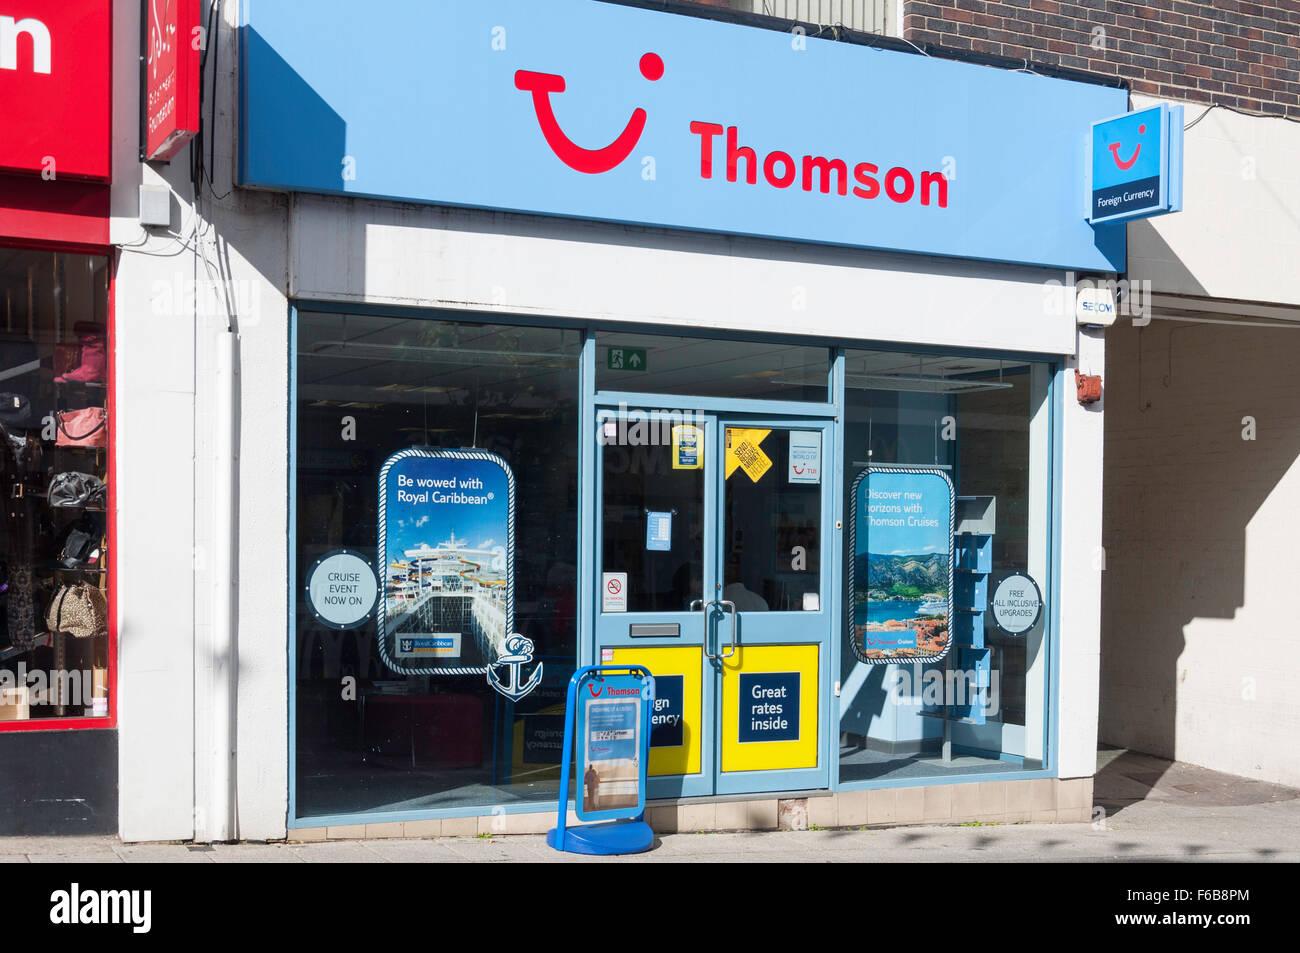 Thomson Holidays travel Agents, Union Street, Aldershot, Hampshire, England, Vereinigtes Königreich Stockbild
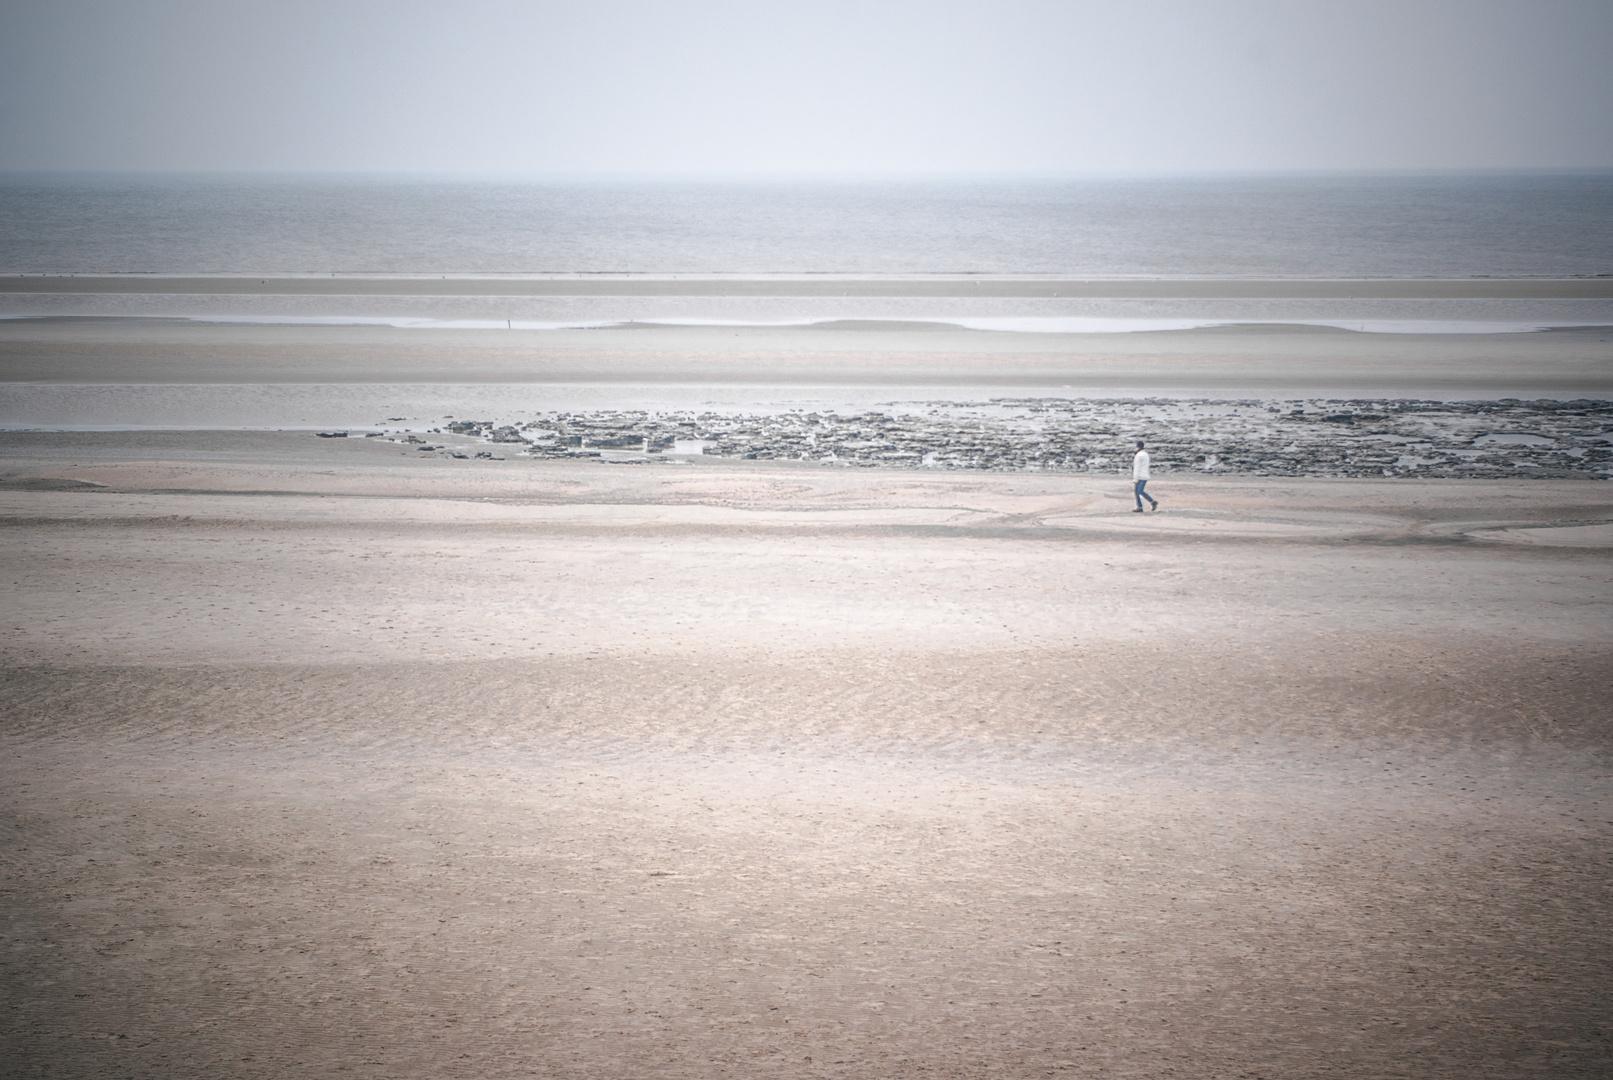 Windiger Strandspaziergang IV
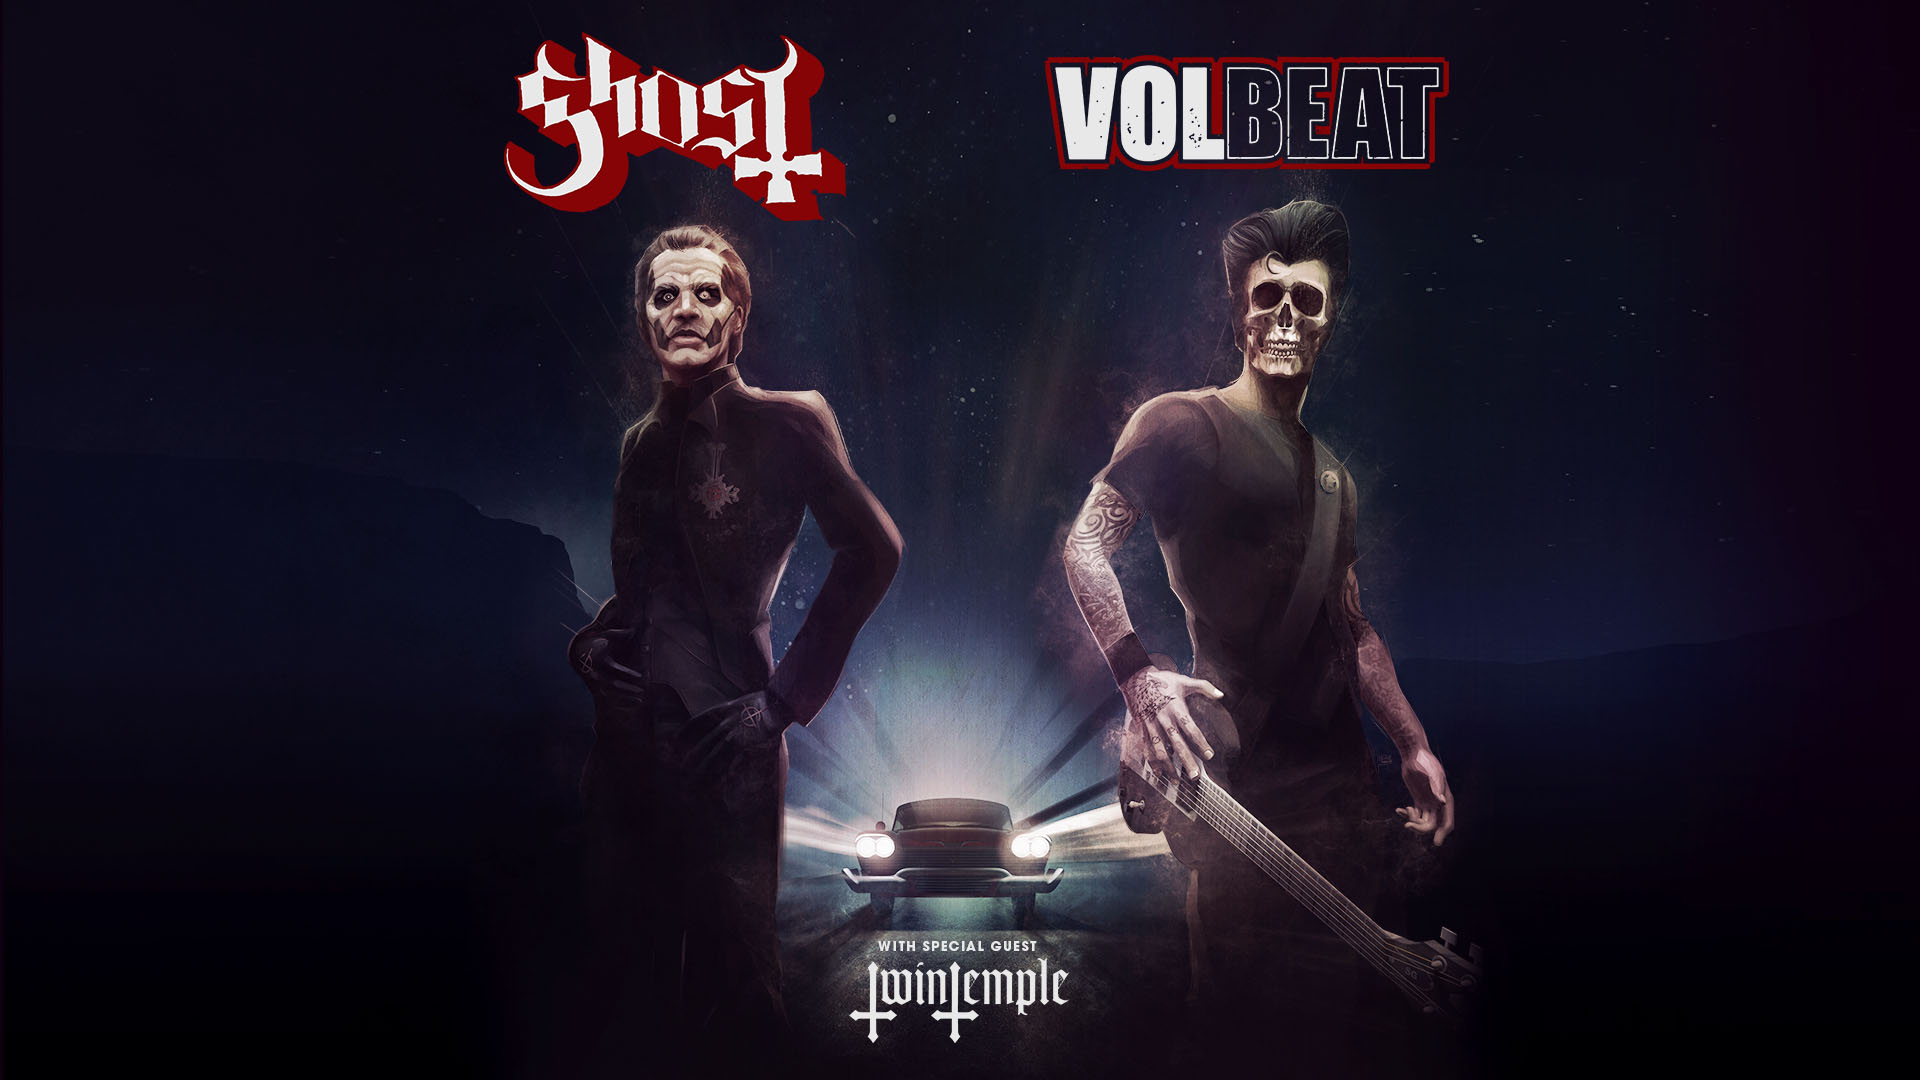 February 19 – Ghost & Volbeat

───

**EXERCISE:** With all pictures omitted, return the lines from the line containing "Windiger Strandspaziergang IV" through the closing line of the listing above, exactly and inclusive.

**REPLY:**
 Windiger Strandspaziergang IV
 February 19 – Ghost & Volbeat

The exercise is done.